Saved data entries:
-*-

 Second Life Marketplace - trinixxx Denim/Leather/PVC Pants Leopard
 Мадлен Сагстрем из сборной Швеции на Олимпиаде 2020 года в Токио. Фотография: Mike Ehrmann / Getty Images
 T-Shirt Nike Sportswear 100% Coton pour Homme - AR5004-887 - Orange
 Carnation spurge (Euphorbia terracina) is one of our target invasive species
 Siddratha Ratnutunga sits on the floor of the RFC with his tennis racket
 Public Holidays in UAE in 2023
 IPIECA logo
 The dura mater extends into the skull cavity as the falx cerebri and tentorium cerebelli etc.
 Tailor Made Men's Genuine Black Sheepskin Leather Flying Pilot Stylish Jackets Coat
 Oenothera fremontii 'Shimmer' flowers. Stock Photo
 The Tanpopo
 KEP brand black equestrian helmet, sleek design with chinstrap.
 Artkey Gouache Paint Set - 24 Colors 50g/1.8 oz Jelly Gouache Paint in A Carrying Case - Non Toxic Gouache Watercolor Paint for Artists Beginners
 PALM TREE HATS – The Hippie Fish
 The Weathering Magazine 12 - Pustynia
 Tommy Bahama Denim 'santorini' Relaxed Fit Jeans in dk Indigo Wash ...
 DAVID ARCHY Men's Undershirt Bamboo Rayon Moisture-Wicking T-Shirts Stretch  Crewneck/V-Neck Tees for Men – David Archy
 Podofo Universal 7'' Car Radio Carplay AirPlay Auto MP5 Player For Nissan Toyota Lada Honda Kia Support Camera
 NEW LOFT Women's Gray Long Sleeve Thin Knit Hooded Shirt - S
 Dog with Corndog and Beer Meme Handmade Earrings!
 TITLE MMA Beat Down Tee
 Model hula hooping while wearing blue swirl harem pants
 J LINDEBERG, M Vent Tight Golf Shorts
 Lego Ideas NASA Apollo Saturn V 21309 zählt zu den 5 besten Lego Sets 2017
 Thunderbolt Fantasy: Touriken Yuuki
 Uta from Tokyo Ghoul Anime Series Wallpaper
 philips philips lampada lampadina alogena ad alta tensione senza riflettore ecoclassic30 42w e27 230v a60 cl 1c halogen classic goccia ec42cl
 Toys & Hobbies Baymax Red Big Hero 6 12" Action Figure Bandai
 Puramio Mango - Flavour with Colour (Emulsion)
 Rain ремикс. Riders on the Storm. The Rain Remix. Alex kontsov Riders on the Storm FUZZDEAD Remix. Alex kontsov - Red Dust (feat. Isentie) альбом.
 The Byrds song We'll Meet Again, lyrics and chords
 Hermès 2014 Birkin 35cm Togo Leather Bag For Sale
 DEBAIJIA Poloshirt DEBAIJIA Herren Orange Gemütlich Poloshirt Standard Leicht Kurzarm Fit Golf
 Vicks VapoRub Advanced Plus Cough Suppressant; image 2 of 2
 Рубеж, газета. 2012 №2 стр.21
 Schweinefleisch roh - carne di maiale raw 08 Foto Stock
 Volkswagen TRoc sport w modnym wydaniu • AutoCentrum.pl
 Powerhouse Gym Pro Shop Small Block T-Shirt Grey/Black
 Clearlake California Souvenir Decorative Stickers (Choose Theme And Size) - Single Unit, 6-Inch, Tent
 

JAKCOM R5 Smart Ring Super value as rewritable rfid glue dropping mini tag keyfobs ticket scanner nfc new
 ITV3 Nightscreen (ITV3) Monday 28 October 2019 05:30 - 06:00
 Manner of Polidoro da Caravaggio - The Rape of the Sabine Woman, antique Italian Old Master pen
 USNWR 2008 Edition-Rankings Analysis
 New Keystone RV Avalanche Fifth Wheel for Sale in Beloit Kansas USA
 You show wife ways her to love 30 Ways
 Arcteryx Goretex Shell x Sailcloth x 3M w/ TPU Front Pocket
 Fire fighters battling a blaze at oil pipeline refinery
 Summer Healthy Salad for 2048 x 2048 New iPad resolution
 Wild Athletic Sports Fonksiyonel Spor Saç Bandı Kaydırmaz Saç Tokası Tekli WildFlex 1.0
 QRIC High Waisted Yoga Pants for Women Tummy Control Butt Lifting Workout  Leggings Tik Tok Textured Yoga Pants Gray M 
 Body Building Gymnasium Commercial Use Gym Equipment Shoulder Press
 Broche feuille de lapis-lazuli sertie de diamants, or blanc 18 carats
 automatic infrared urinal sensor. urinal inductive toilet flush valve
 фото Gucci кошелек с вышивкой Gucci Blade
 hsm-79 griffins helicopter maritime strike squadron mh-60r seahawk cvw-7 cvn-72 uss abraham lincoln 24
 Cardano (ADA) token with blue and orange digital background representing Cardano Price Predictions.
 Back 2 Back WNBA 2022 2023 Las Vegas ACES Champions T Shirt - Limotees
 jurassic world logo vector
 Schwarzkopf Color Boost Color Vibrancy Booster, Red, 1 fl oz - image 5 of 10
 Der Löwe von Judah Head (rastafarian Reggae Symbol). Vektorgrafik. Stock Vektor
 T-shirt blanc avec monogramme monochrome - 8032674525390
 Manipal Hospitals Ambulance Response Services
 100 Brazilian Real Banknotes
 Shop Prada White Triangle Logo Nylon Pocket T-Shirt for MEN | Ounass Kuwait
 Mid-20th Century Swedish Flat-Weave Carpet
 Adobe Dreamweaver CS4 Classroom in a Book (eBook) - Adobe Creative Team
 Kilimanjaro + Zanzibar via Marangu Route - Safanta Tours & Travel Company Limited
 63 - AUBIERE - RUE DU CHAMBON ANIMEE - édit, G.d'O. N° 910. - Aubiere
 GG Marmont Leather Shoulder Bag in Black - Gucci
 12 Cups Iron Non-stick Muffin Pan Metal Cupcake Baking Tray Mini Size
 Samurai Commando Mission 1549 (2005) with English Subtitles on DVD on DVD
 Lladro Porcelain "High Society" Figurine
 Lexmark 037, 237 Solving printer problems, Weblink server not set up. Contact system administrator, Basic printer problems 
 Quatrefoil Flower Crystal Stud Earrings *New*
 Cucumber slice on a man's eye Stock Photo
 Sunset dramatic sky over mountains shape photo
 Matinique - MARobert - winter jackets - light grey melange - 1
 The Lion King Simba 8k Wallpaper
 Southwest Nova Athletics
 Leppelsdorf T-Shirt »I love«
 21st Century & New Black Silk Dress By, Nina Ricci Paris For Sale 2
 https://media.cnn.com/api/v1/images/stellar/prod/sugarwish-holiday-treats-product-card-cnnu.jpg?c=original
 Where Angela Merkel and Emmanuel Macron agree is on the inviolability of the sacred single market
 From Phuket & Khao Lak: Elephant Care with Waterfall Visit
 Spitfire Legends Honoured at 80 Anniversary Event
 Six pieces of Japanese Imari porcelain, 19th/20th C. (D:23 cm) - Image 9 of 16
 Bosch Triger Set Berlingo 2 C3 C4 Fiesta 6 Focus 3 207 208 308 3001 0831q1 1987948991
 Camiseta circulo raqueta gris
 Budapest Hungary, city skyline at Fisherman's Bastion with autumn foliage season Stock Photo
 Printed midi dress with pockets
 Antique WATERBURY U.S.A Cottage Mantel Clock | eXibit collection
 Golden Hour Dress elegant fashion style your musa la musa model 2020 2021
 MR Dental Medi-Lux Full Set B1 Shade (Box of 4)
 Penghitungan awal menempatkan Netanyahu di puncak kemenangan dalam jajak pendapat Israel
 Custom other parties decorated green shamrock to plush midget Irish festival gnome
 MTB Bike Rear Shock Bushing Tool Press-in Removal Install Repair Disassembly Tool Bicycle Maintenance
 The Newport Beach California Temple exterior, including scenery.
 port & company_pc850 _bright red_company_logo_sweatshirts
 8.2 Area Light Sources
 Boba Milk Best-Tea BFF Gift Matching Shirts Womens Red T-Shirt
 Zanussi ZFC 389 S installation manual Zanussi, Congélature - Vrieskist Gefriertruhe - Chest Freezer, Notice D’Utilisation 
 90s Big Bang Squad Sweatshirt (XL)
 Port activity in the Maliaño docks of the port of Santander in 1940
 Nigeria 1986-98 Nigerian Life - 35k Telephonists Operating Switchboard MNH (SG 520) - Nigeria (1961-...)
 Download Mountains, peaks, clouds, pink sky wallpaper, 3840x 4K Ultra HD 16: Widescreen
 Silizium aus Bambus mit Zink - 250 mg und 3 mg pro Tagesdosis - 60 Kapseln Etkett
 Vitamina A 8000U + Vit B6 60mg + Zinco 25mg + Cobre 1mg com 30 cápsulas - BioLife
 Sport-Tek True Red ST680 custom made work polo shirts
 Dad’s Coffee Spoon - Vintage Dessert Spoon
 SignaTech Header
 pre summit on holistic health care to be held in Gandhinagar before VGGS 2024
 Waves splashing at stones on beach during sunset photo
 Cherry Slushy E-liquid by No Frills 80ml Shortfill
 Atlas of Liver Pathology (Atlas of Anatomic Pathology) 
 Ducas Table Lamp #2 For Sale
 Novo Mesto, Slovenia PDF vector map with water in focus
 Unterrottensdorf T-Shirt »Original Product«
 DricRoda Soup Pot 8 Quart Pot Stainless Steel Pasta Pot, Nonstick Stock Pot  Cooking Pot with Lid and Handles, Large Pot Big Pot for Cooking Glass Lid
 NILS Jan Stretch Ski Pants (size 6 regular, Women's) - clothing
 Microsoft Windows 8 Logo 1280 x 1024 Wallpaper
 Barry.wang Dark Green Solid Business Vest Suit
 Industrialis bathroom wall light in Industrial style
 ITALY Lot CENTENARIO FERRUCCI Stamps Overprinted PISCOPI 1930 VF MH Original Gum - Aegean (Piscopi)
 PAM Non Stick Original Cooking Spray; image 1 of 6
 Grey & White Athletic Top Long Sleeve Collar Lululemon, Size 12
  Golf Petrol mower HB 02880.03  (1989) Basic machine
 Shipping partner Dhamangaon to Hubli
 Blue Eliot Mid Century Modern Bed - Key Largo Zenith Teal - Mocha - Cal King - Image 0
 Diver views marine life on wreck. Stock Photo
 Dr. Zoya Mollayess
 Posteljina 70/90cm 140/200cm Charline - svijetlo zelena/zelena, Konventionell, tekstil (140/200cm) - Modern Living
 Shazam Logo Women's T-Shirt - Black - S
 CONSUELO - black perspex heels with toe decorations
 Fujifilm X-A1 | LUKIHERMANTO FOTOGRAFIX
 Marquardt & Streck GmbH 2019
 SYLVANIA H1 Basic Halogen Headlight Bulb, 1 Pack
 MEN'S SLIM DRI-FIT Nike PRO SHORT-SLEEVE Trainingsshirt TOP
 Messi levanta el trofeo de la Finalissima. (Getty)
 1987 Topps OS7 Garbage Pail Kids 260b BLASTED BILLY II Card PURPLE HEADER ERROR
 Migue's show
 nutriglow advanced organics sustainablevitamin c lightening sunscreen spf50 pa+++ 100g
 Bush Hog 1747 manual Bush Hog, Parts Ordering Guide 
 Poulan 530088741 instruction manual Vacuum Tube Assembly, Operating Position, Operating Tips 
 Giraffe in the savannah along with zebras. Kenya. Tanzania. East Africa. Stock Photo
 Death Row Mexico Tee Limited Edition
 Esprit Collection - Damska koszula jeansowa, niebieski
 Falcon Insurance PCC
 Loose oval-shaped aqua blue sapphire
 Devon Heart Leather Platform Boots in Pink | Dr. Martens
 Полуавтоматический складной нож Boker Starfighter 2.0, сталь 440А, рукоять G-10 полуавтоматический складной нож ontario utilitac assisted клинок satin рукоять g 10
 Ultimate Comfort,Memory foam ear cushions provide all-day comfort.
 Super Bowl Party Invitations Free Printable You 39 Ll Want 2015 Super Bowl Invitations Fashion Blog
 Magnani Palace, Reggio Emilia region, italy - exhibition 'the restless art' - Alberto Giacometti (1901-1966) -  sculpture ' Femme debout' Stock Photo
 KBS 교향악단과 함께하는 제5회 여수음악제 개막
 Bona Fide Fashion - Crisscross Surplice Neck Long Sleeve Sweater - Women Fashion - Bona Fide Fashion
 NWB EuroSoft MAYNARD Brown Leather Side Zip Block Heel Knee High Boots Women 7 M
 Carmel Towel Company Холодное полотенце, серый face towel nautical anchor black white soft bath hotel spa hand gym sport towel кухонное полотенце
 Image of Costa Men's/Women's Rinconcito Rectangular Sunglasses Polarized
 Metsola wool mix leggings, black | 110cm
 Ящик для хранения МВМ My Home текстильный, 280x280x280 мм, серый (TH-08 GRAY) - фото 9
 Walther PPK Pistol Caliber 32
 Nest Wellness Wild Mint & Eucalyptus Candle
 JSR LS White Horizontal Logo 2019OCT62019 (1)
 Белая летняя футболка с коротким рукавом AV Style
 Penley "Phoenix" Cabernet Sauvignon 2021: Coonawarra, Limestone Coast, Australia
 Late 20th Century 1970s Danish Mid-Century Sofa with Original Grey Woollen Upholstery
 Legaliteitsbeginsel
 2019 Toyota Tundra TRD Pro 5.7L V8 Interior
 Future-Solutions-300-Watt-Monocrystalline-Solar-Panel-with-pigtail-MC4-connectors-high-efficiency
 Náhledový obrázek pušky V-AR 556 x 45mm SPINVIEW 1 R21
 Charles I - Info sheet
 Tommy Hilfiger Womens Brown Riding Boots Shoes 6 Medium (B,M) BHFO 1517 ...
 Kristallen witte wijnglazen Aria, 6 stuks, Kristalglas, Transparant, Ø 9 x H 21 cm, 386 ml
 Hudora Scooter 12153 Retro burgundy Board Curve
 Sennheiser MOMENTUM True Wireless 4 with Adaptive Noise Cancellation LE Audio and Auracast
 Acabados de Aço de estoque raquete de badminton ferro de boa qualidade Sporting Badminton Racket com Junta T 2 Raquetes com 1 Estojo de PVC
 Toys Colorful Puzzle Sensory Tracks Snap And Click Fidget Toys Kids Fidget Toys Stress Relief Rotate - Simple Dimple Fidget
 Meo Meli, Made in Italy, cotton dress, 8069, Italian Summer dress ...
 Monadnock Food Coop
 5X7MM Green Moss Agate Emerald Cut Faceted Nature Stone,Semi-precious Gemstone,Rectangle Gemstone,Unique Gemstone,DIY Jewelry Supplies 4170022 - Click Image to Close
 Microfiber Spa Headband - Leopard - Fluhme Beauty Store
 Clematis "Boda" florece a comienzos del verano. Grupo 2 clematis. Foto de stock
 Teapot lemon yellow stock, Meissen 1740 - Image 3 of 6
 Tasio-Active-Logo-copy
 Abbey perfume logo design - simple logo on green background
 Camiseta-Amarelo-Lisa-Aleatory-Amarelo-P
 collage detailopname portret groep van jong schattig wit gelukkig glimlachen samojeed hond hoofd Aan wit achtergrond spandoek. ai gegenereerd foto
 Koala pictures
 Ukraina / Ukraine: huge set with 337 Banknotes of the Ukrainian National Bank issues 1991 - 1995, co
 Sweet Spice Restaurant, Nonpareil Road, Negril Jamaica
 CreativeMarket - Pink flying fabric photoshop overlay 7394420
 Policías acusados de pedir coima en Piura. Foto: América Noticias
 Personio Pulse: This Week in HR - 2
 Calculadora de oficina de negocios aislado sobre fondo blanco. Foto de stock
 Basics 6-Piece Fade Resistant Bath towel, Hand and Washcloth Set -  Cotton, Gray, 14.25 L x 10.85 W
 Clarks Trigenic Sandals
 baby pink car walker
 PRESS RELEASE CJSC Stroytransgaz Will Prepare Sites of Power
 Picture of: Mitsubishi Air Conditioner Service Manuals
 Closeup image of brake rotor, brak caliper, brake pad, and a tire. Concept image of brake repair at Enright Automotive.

-*-

▶ Problem description
Gather each line from the entries above that includes the word "Cooking".

▶ Result for this exercise
 DricRoda Soup Pot 8 Quart Pot Stainless Steel Pasta Pot, Nonstick Stock Pot  Cooking Pot with Lid and Handles, Large Pot Big Pot for Cooking Glass Lid
 PAM Non Stick Original Cooking Spray; image 1 of 6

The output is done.